Redditor 961402 actually tested the strategy by transferring 1,000 shares in a corporation to a non-member account, who then applied and was invited to join through the standard corporate application process. The test appeared to run into a wall when the option to propose a vote didn't appear, but another redditor said it was necessary to train the character's corporate management skill to at least 1 in order to enable the option.
"That gave me the 'Run for CEO' option, and then I voted for myself," 961402 wrote. "Success! This is one of those things I love about Eve: No matter what you want to do, chances are there is some skill that you overlooked and haven't trained that's going to keep you from doing it the first time you try."
EVE Online developer CCP Games eliminated any doubt by confirming that the heist did in fact take place, although it declined to comment on the value of the theft.

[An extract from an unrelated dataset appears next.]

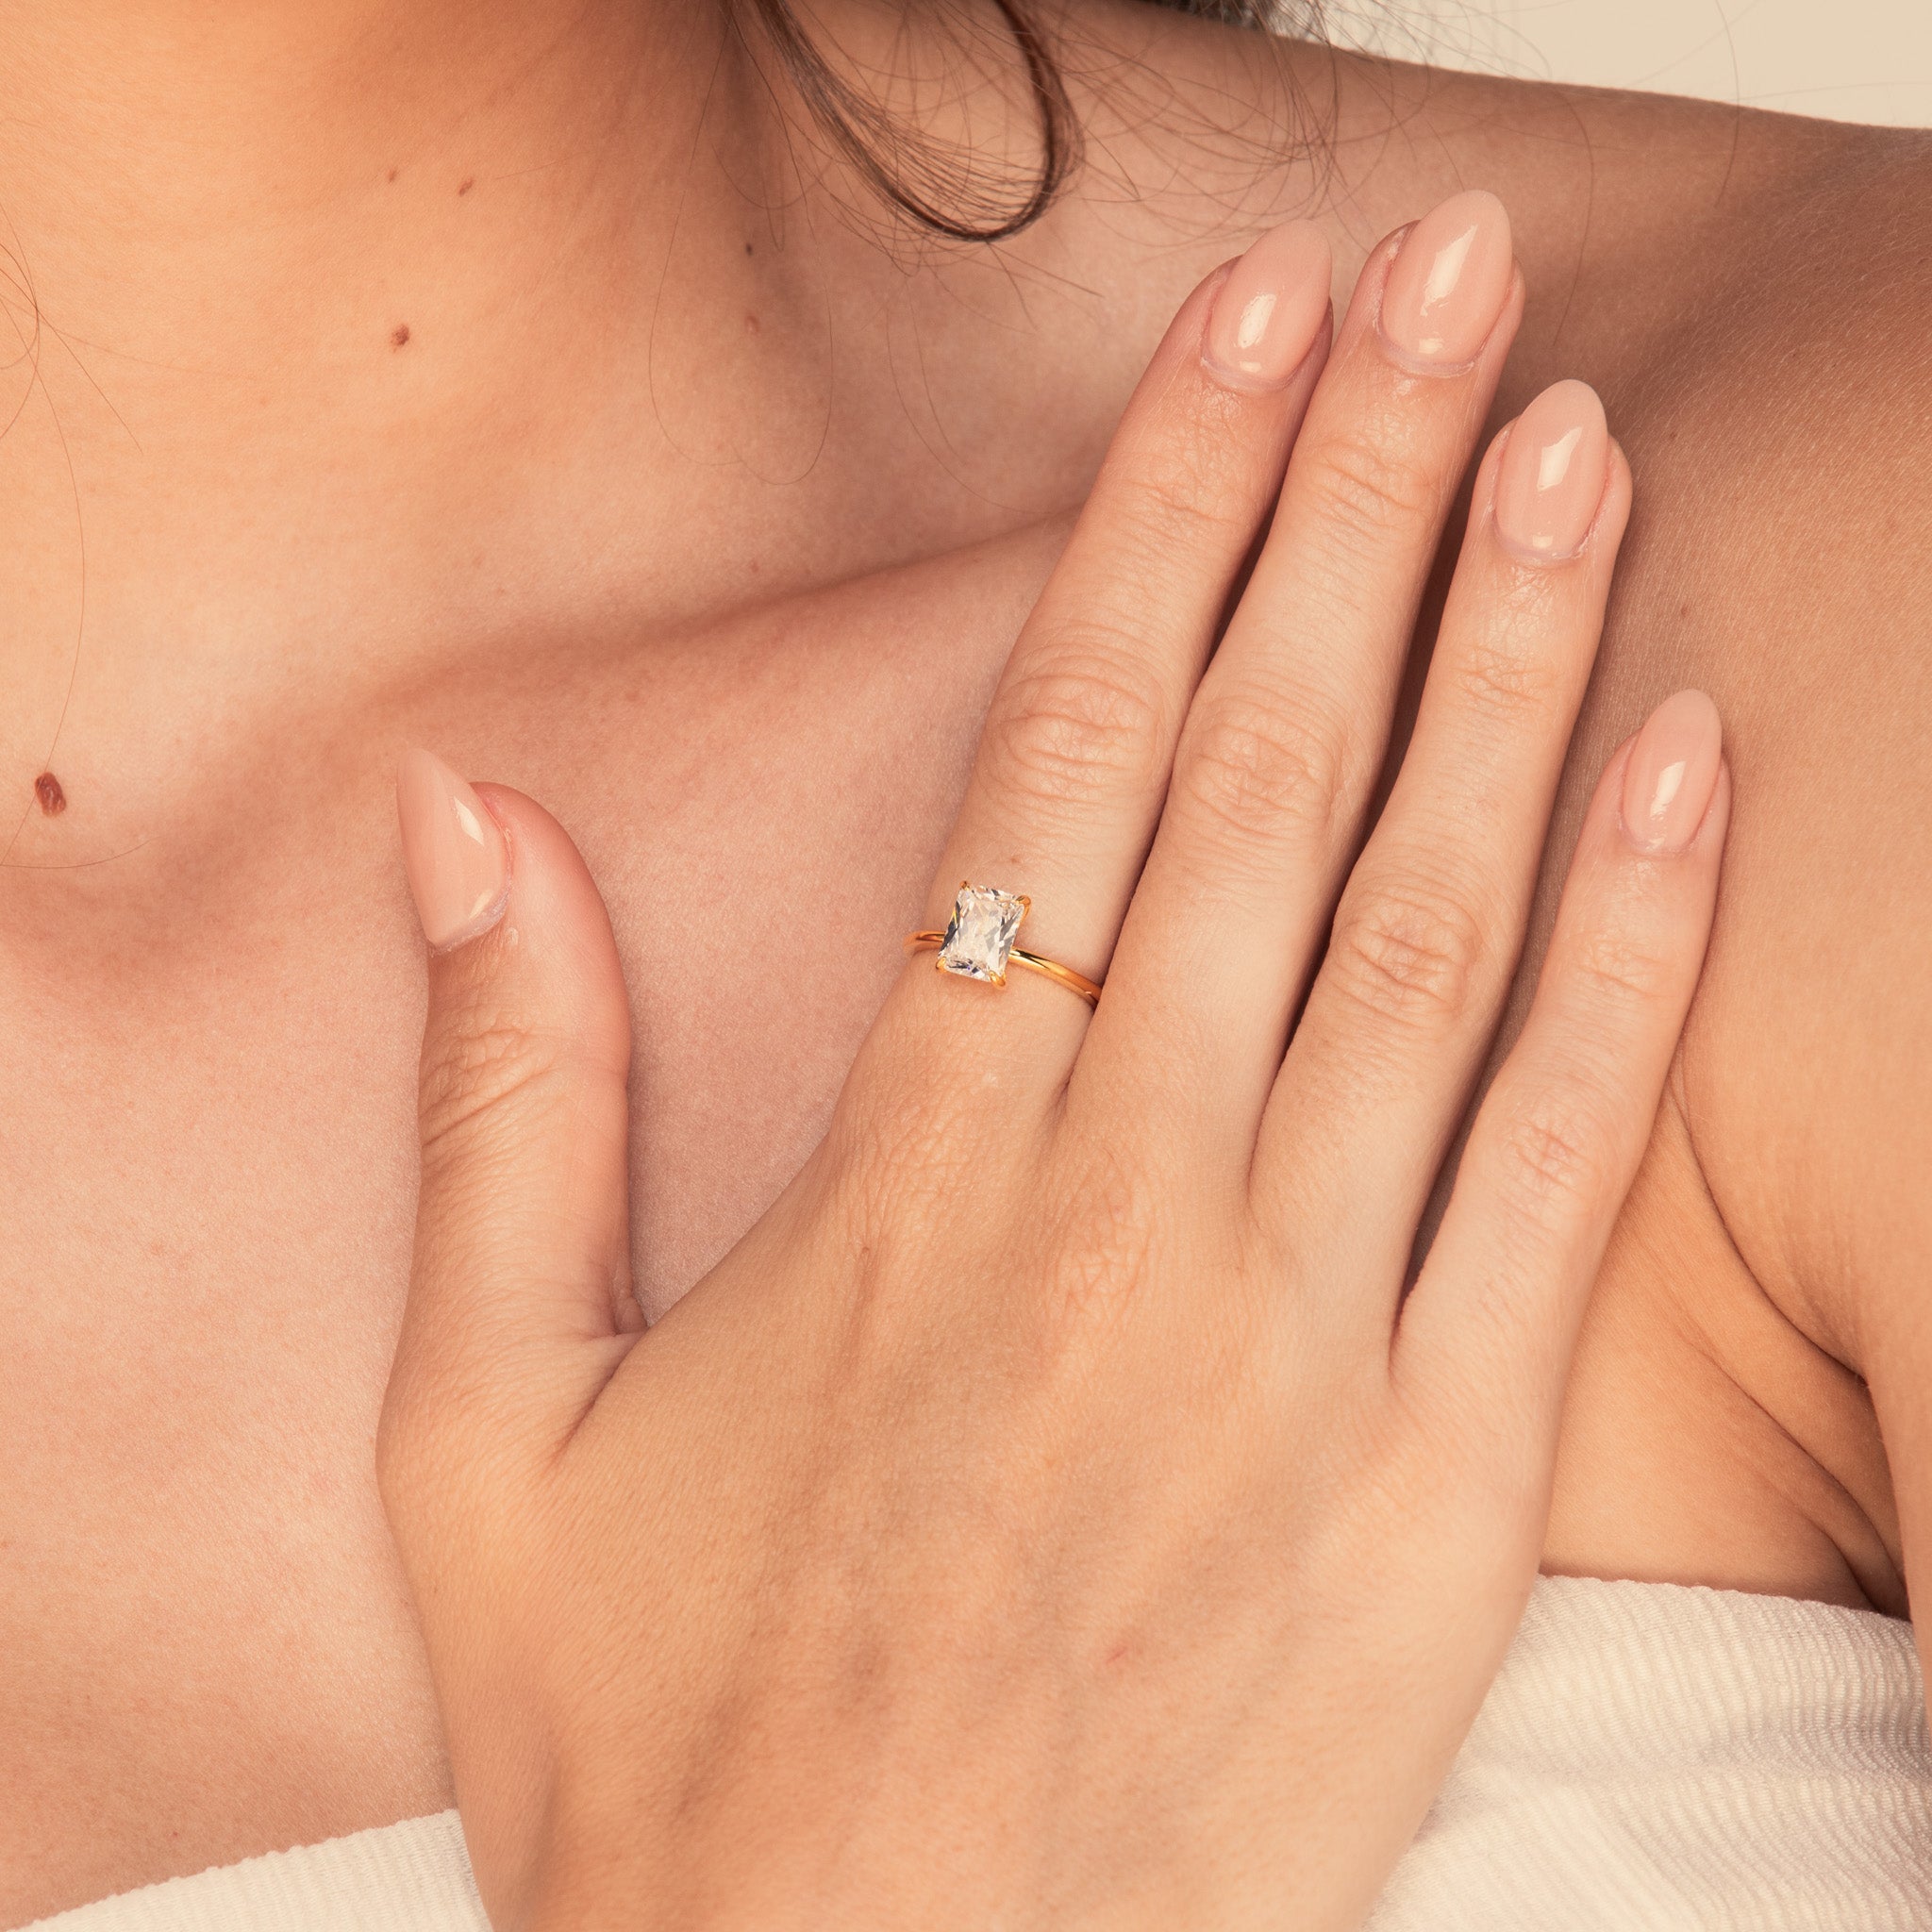 The Maya Emerald Sapphire Engagement Ring
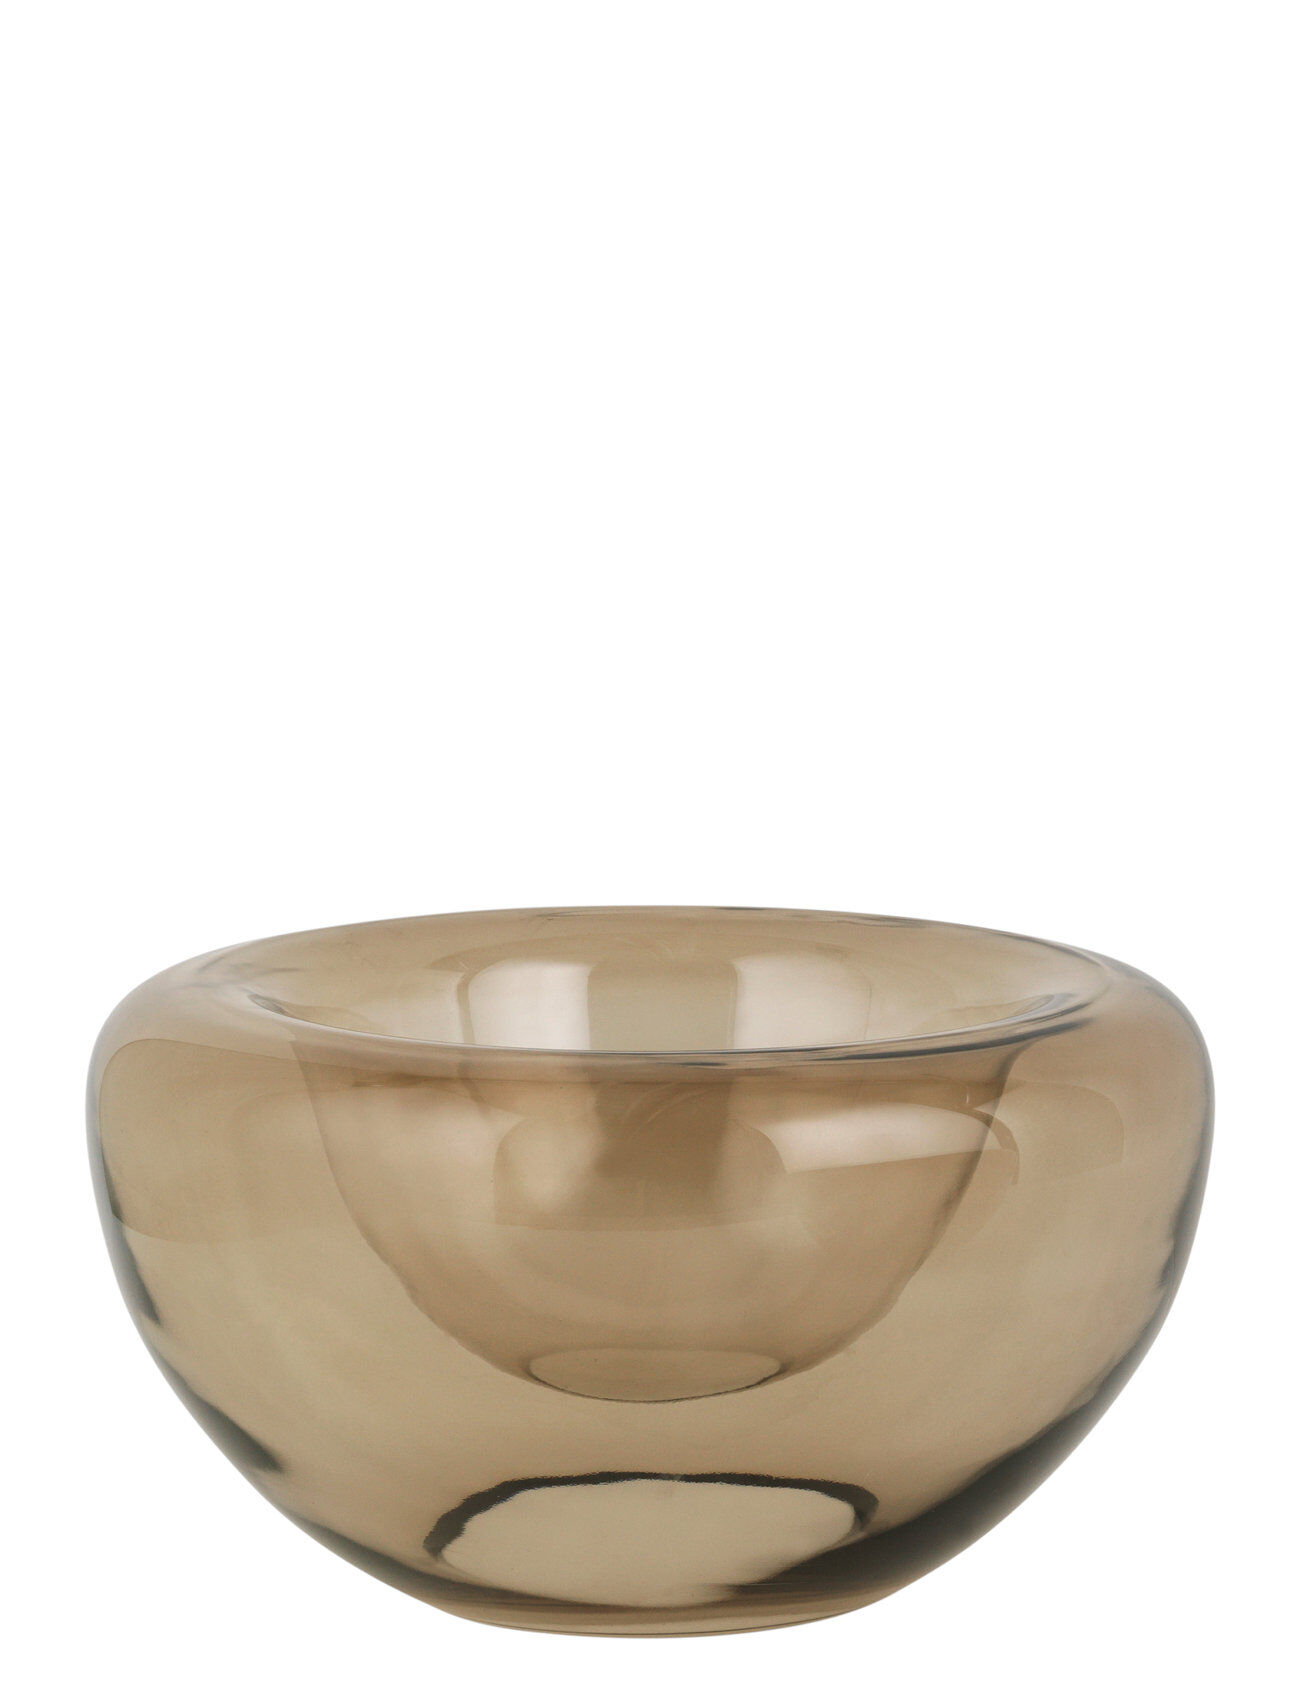 Kristina Dam Studio Opal Bowl - Large - Glass Home Decoration Decorative Platters & Bowls Brun Kristina Dam Studio

What makes all of this even more surprising is that it's not a new tactic. In this Reddit thread from 2014 (opens in new tab), for instance, multiple redditors claim to have used corporate shares in ethically-dubious ways, including to force out a CEO and take over. There's a widely-held feeling that the whole shares system is, if not broken, then at least too easy to exploit: "Even their theoretically good applications can be massively (and legally) exploited by anyone with a basic willingness to poke around on the test server and see what they can and can't do," redditor Scout1Treia wrote.
So after years of backstabbing, betrayal, bloody vengeance, and boardroom skullduggery stretched out over years-long campaigns, it seems as though the biggest heist in EVE Online history has been pulled off by a guy who figure out how to apply the "no rule saying a dog can't play basketball" maxim to EVE Online. It might seem very dull and bookish by comparison, but it's a remarkable accomplishment, and I really enjoy how it demonstrates that having very granular knowledge of the rules can sometimes take you a very long way.
As redditor Intransigient put it, "This is what comes of not understanding how Corporations work in EVE."